Behaviour Change

PROPAGANDA FOR CHANGE is a project created by the students of Behaviour Change (ps359) and Professor Thomas Hills at the Psychology Department of the University of Warwick. This work was supported by funding from Warwick's Institute for Advanced Teaching and Learning.

Thursday, March 16, 2017

Homelessness - 'Humans of Leamington Spa'





‘We are all human no matter what our circumstances.’


What was the issue?

Our project focuses on the issue of homelessness, predominately within Leamington Spa in Warwickshire, United Kingdom.

Homelessness is an issue because the lifestyle can be brutal. Both mental and physical health problems can develop and an inability to gain employment can exacerbate already substantial financial issues. Lack of self-esteem, confidence and skills can make it hard to sustain a tenancy or gain housing.
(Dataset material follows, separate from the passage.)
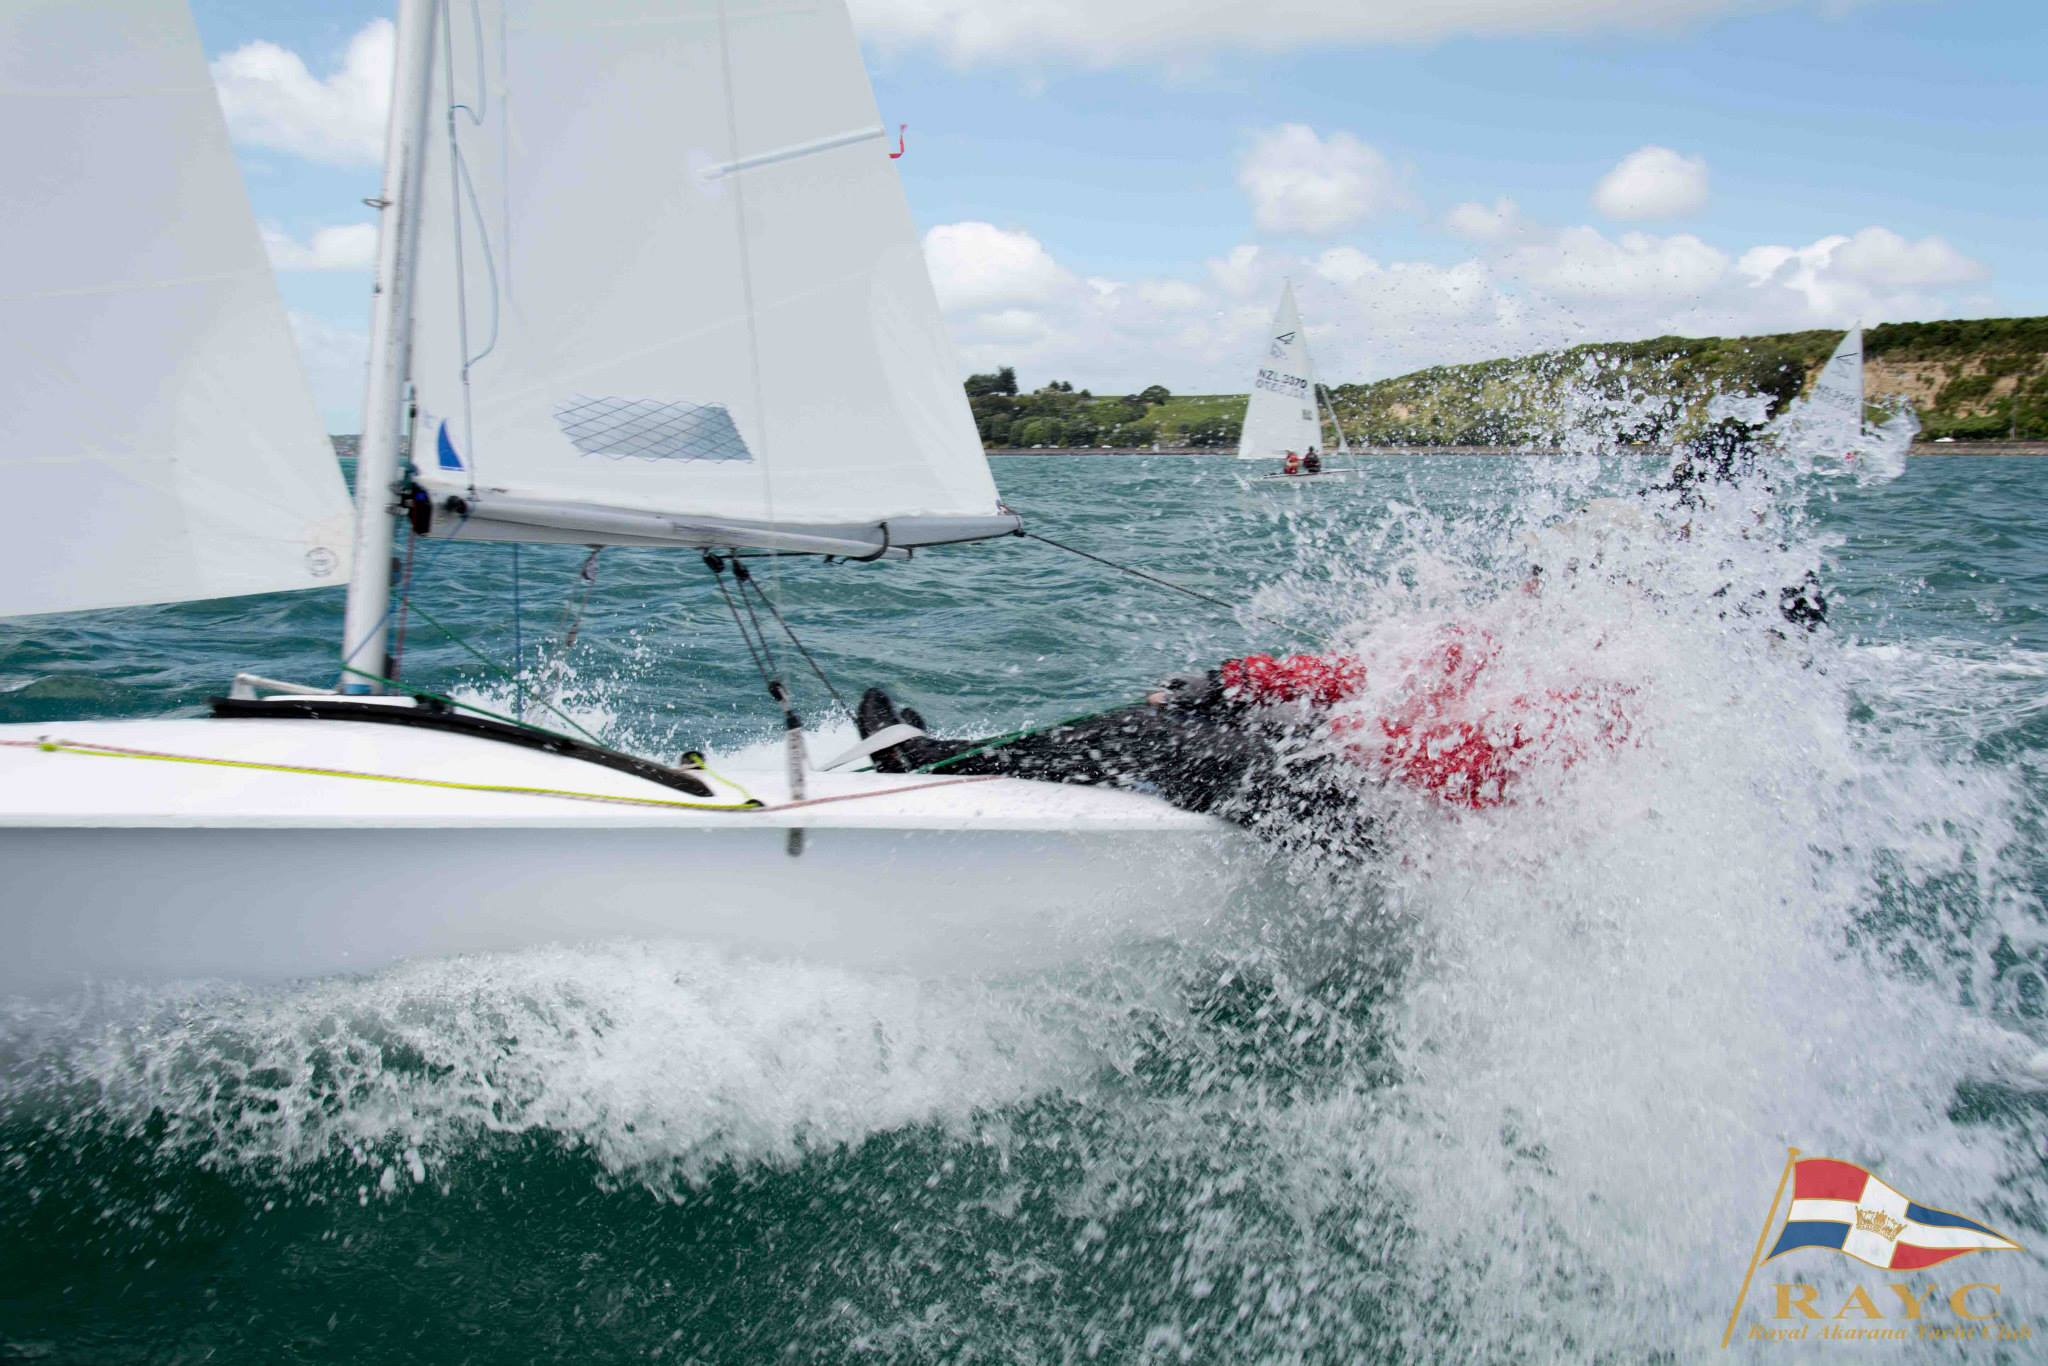 The Boat Builders Summer Series - Starting Handicaps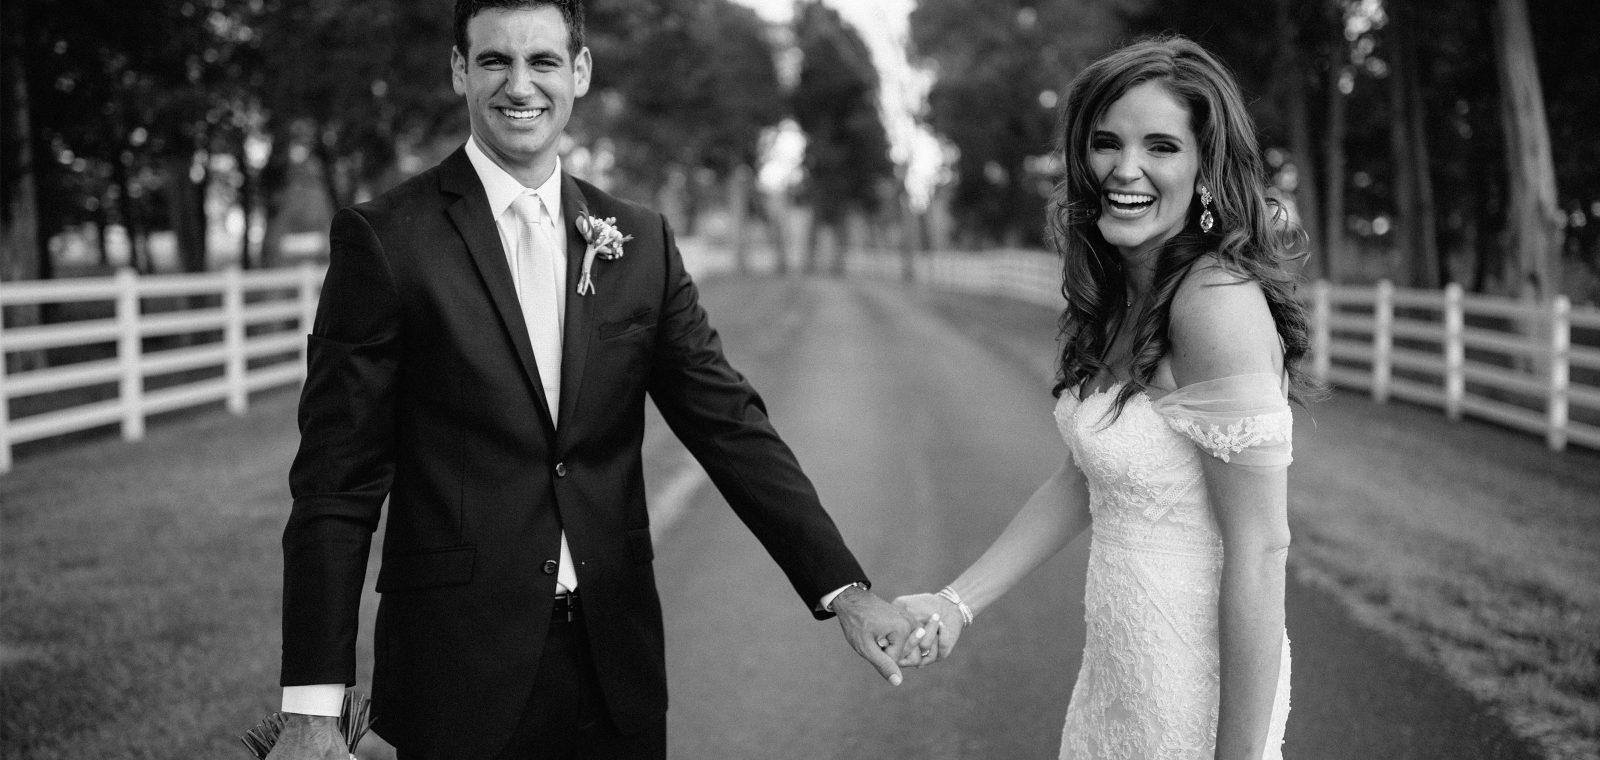 Marblegate Farms Wedding – Knoxville, TN – Kyle & Kristen

Some homeless people have also been involved in sex work as well as unwanted sexual relations. The Salvation Army informed us that they strive to break the cycle of homelessness by helping people to take control of their life circumstances.

Prior to beginning our project we spoke to members of society who expressed negative connotations and a lack of understanding or support towards the homeless. These negative views have been built on further due to the confirmation bias. If people see a homeless individual taking drugs or consuming large amounts of alcohol they are more likely to remember this and therefore strengthen their already negative view. However, if they see a homeless person working or studying then they are likely to forget this and not pay attention to it because it doesn’t conform to their original views (Nickerson, 1998). This makes attitude and behaviour change quite difficult.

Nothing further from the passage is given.